I am working on Monte Carlo simulation for a financial problem. It is claasified as ‘embarassingly parallel problems.’ All the thread
processors run the same codes without communication among them except at the last stage to add up the results.
My implementation using CUDA and running on GeForce 8600GT with 32 thread processors is about 3 times faster than
AMD 64 3200+ 2GHz processor CPU.
If I use GTX280 with 240 thread processors with higher clock speeds and faster memory according to the spec sheet, how faster
would it run than 8600GT? More than 10 times?
When I programmed 8600GT, seemingly enoucuous nexted for loops (about 3 deep) whould compile but would not run without
any meaningful error messages. I figured that the compiled code is out of 8600GT’s parameter range as Data of Star Trek used to say.
When I unrolled the outer loop, it worked. Would this code without unrolling work in GTX280 which has higher spec than 8600GT?
It’s a bit difficult to answer your question directly, but for example, I have a GTX260 216 core version and it is abot 32 times faster than my C2D E8500 (gpu bruteforcer, 700M PPS vs 22M PPS).
Theoretically, if u get a GTX260 (about 270$) and overclock to 700Mhz (runs pretty well if fan speed is max,3K RPM) that will be 8.75 times faster than 8600GT and about 26 times faster than 3200+.
I wouldn’t advice to buy a GTX280, it has only 24 more cores (10%) and costs 20% more, if you really want an amazing system buy three GTX260-s (216 core versions), it costs about 780$ and is about 75 times faster than 3200+, if we multiply 3200±s price (60$ about, is this right?) on 75 will be 4500$ :D
Depending on whether your code is FPU limited or memory bandwidth limited (many CUDA apps are actually the latter), your code will scale something like the ratio of [processors*clock rate] or the ratio of the theoretical memory bandwidths. Compute both ratios, and that will give a range of speedups. (Note that other things might run faster on the GTX 280, like slightly uncoalesced memory reads. These ratios will not predict that.)

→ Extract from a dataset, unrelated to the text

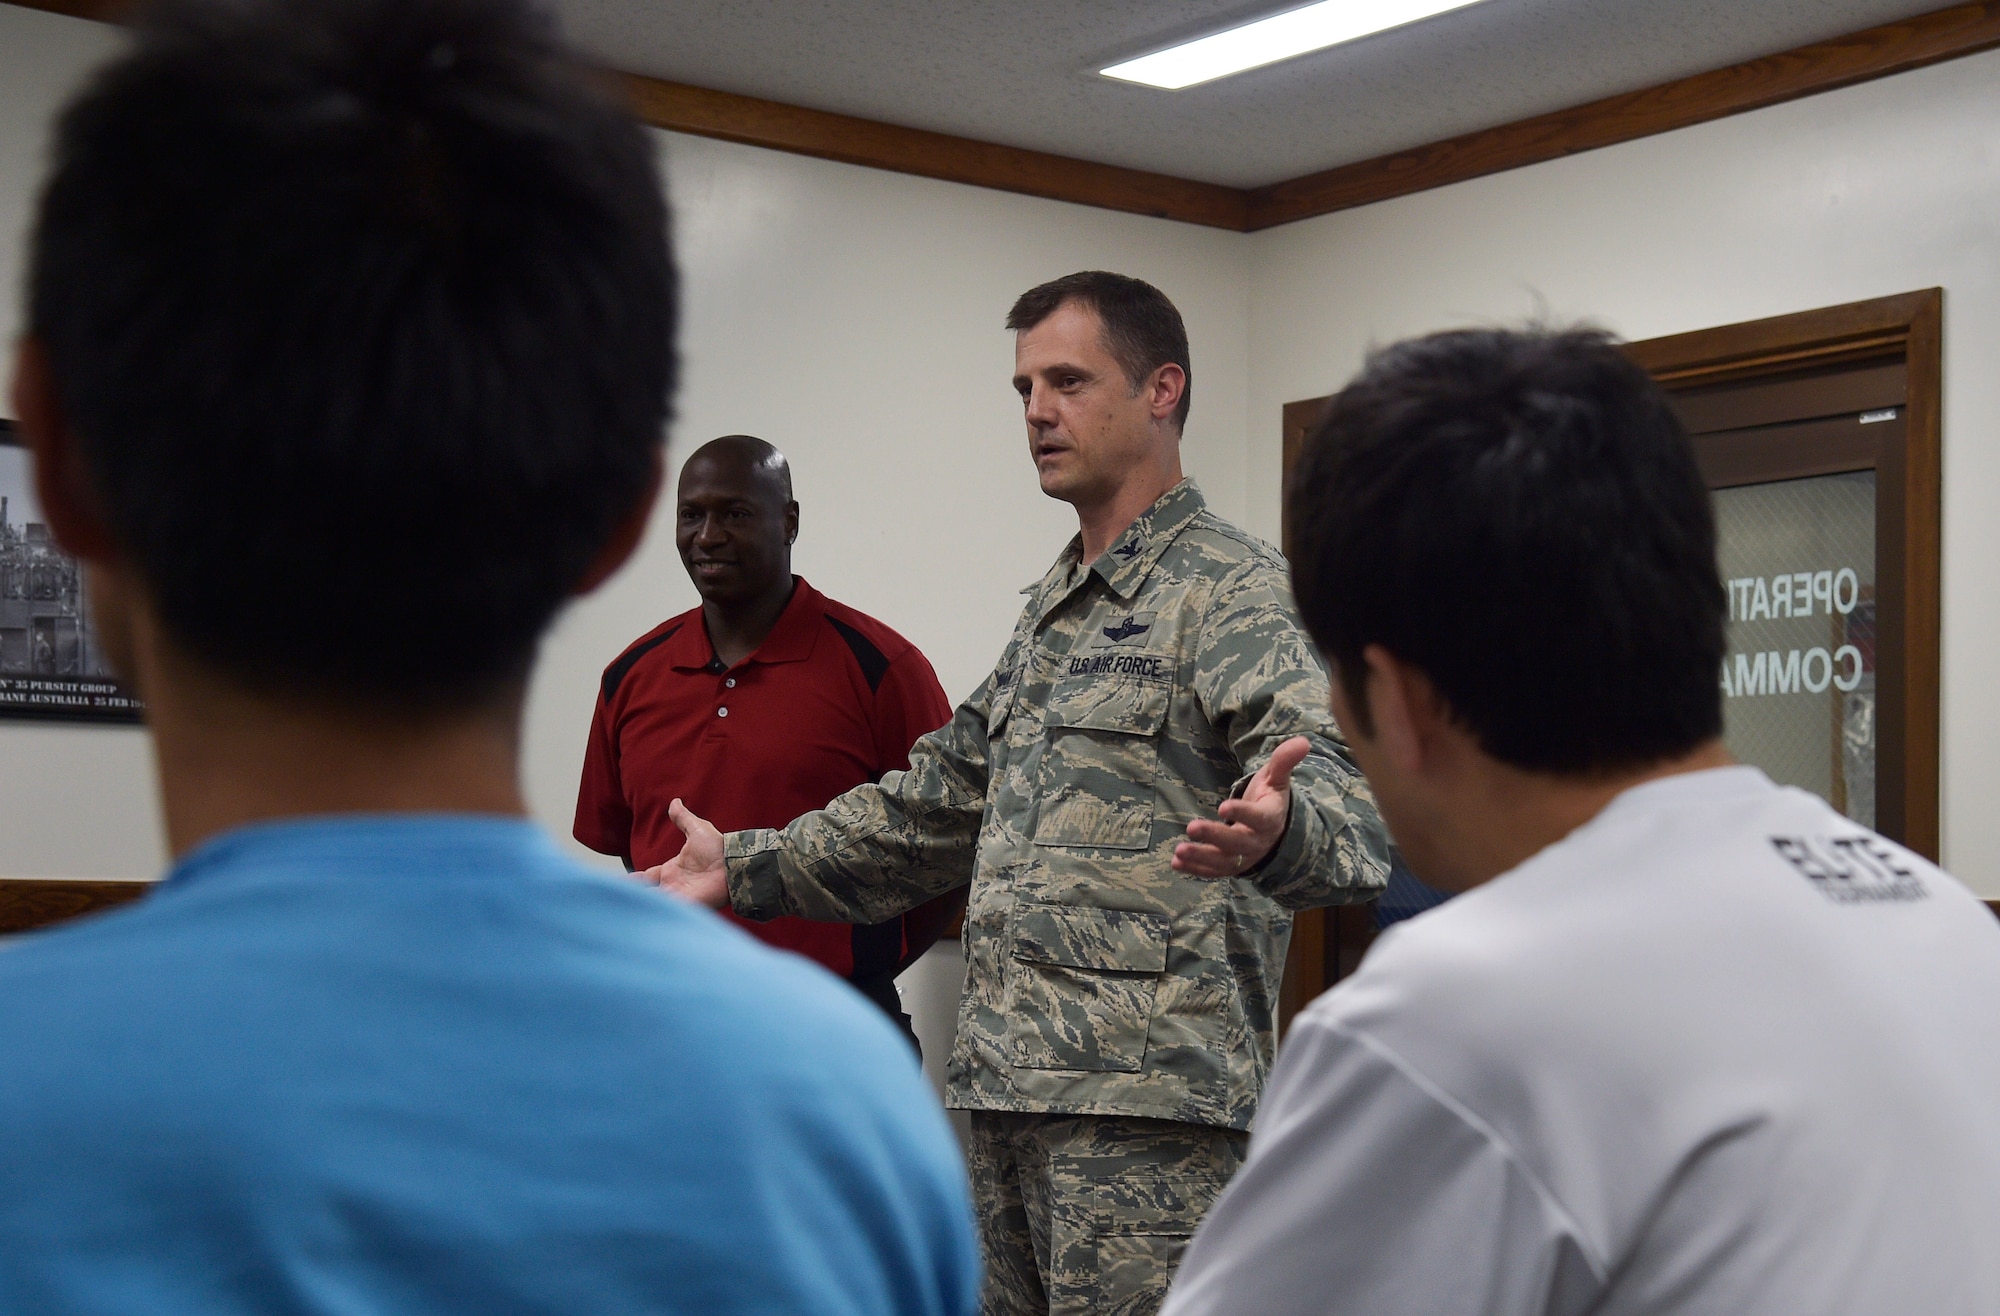 U.S. Air Force Col. William Bowman, the commander of the 35th Operations Group, speaks with members of the Japan Railway East Akita Peckers basketball team at Misawa Air Base, Japan, June 17, 2016. As part of a Misawa AB tour and basketball camp, the Japanese team was briefed on the purpose and mission of the 35th Fighter Wing. The goal of the event was to promote bilateral relations and help basketball players prepare for the upcoming season. (U.S. Air Force photo by Senior Airman Deana Heitzman)
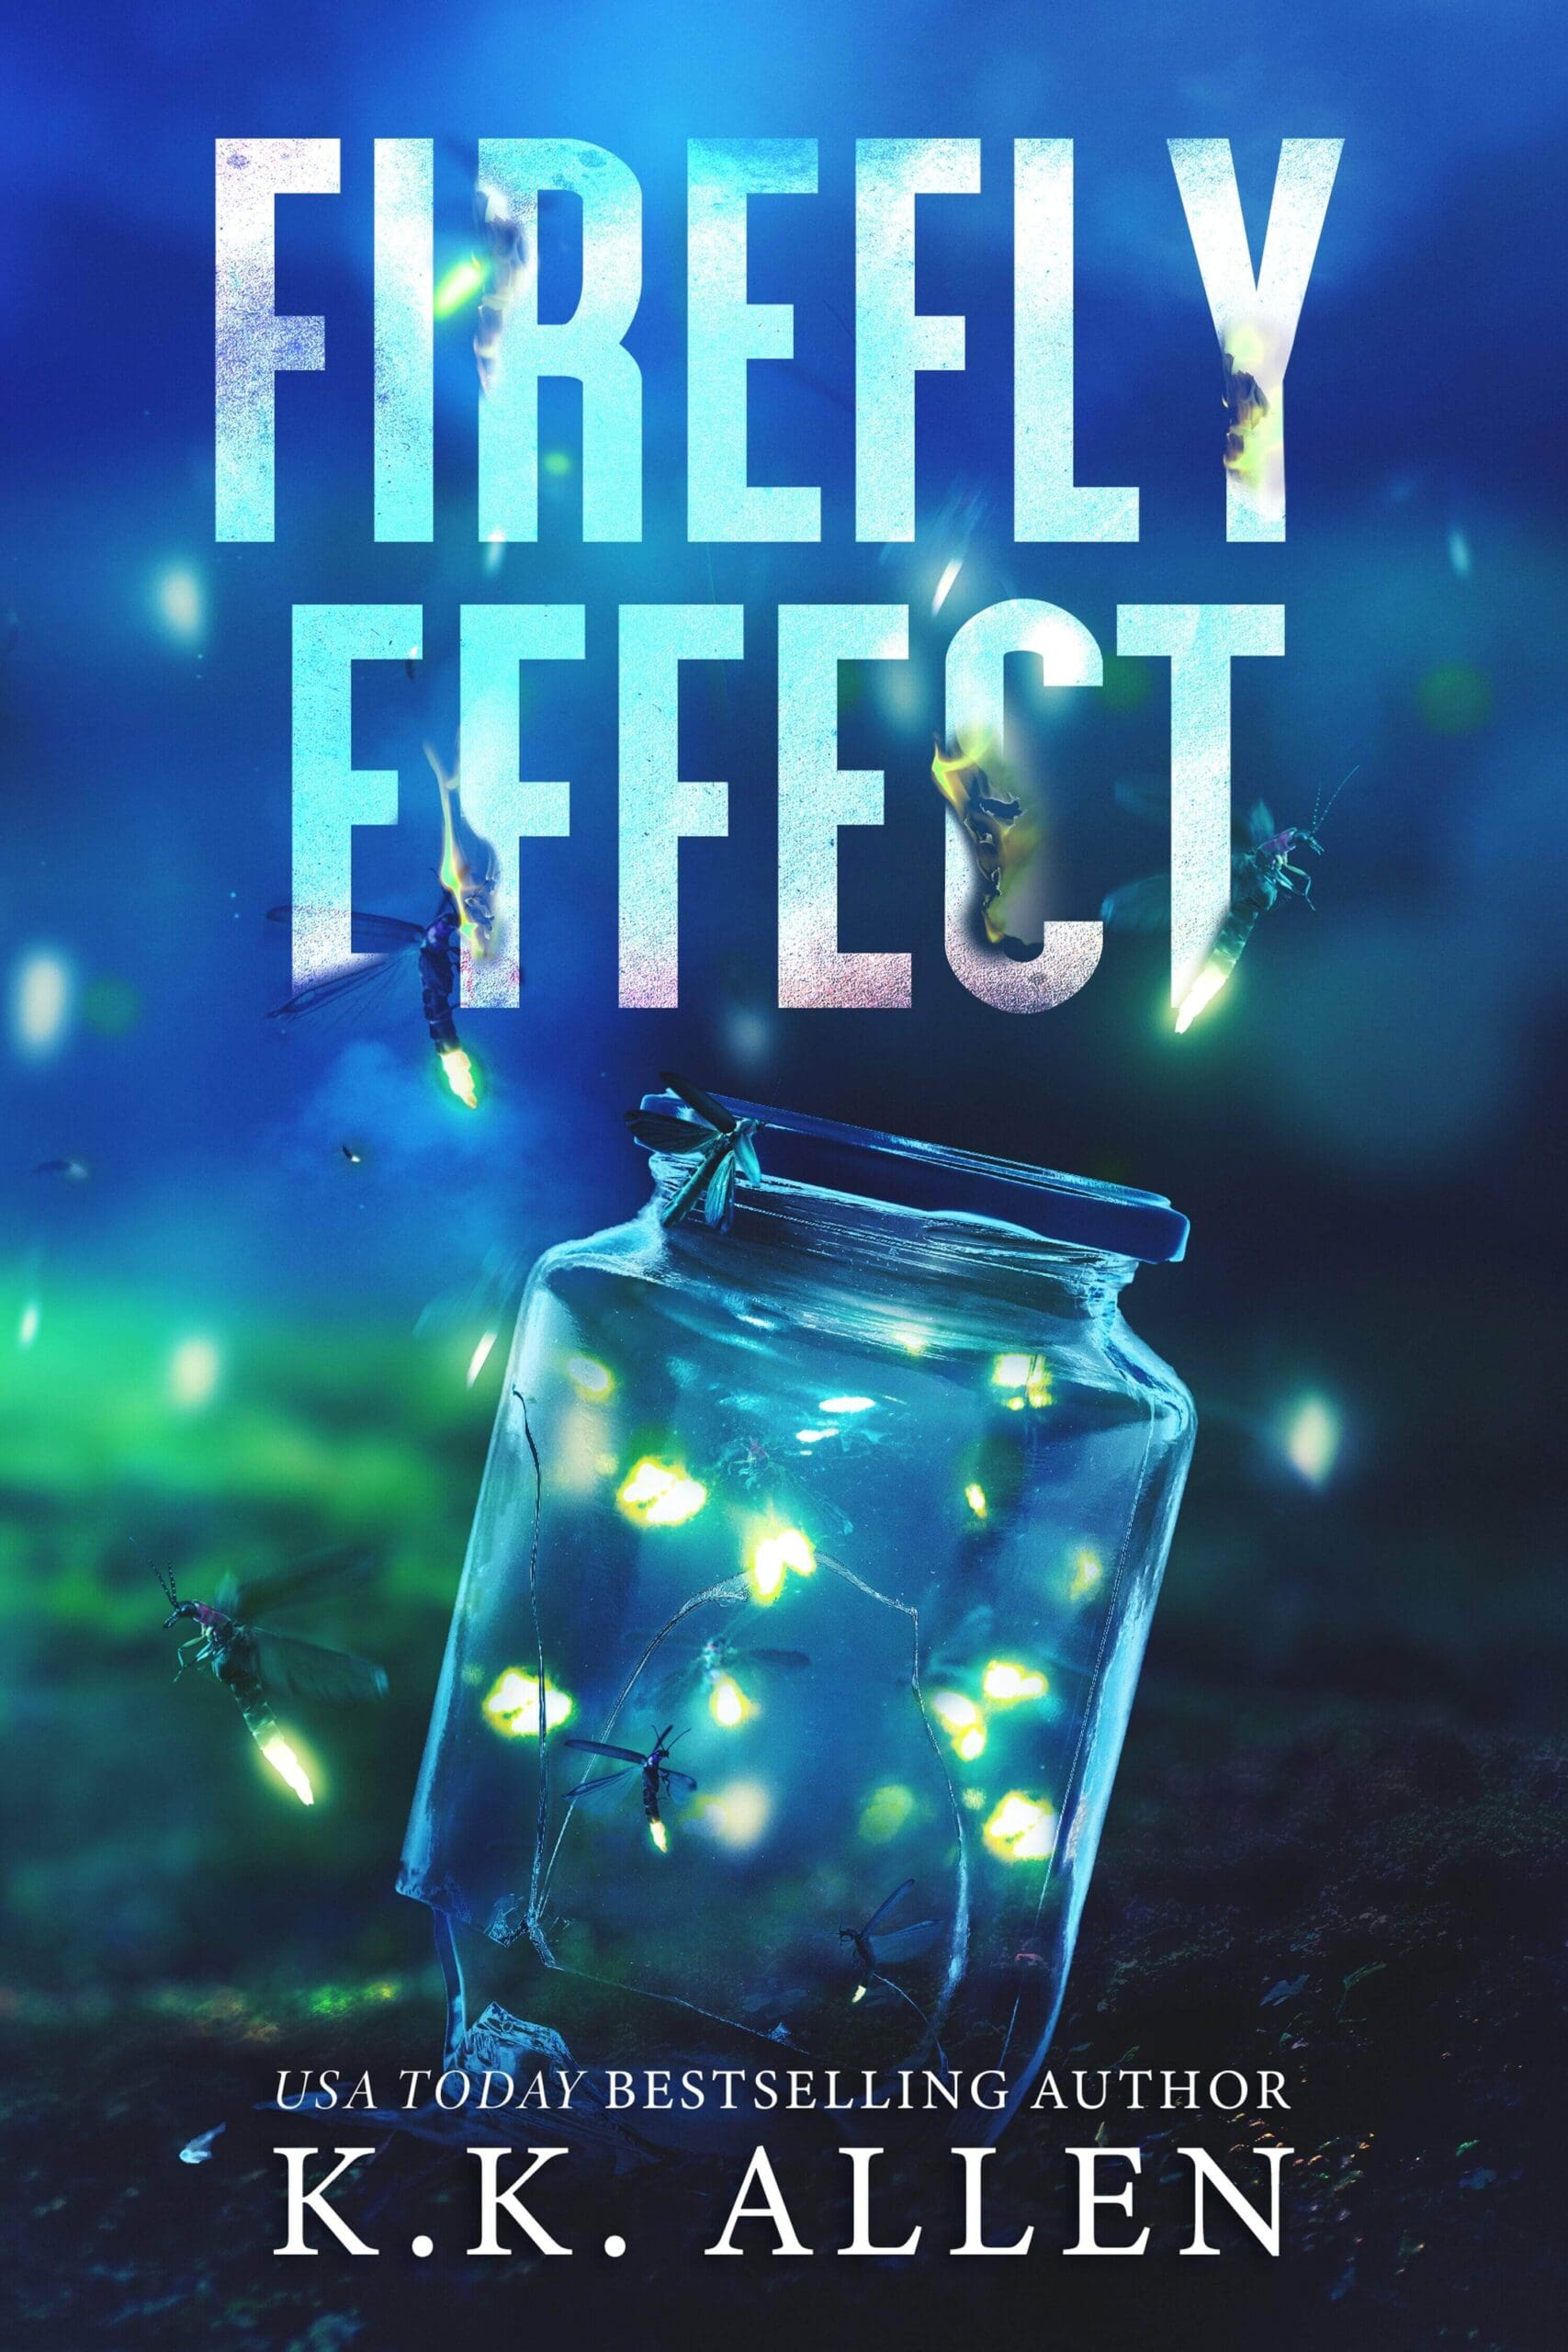 Blue and green book cover for Firefly Effect by K.K. Allen with a jar of fireflies lighting up and flying out of the jar sitting on grass

Without knowing why the nested for loop code failed, this is hard to say (though the answer is likely “no”). Did you get any error message at all?
Can you tell how many operations are required on the same data? I ask this because there are many registers (1024 as I know) per core so if u use PTX instead of CUDA an optimized combination may speed up your code 2-3 times, cuz you need no extra clocks to access a register, but memory needs 100+, this is not controllable from cuda, you’ll need to learn PTX and CUDA Driver API (I’m doing that at this time :D )
Whatever your code depends on, FPU power or mem bandwidth, 3xGTX260 will be much faster than 2xGTX280 :)
I have never heard of anyone that managed to get a significant speedup by using ptx instead of normal cuda code on the forum. In ptx registers are used only once, it is ptxas that performs optimization (and is quite good at it).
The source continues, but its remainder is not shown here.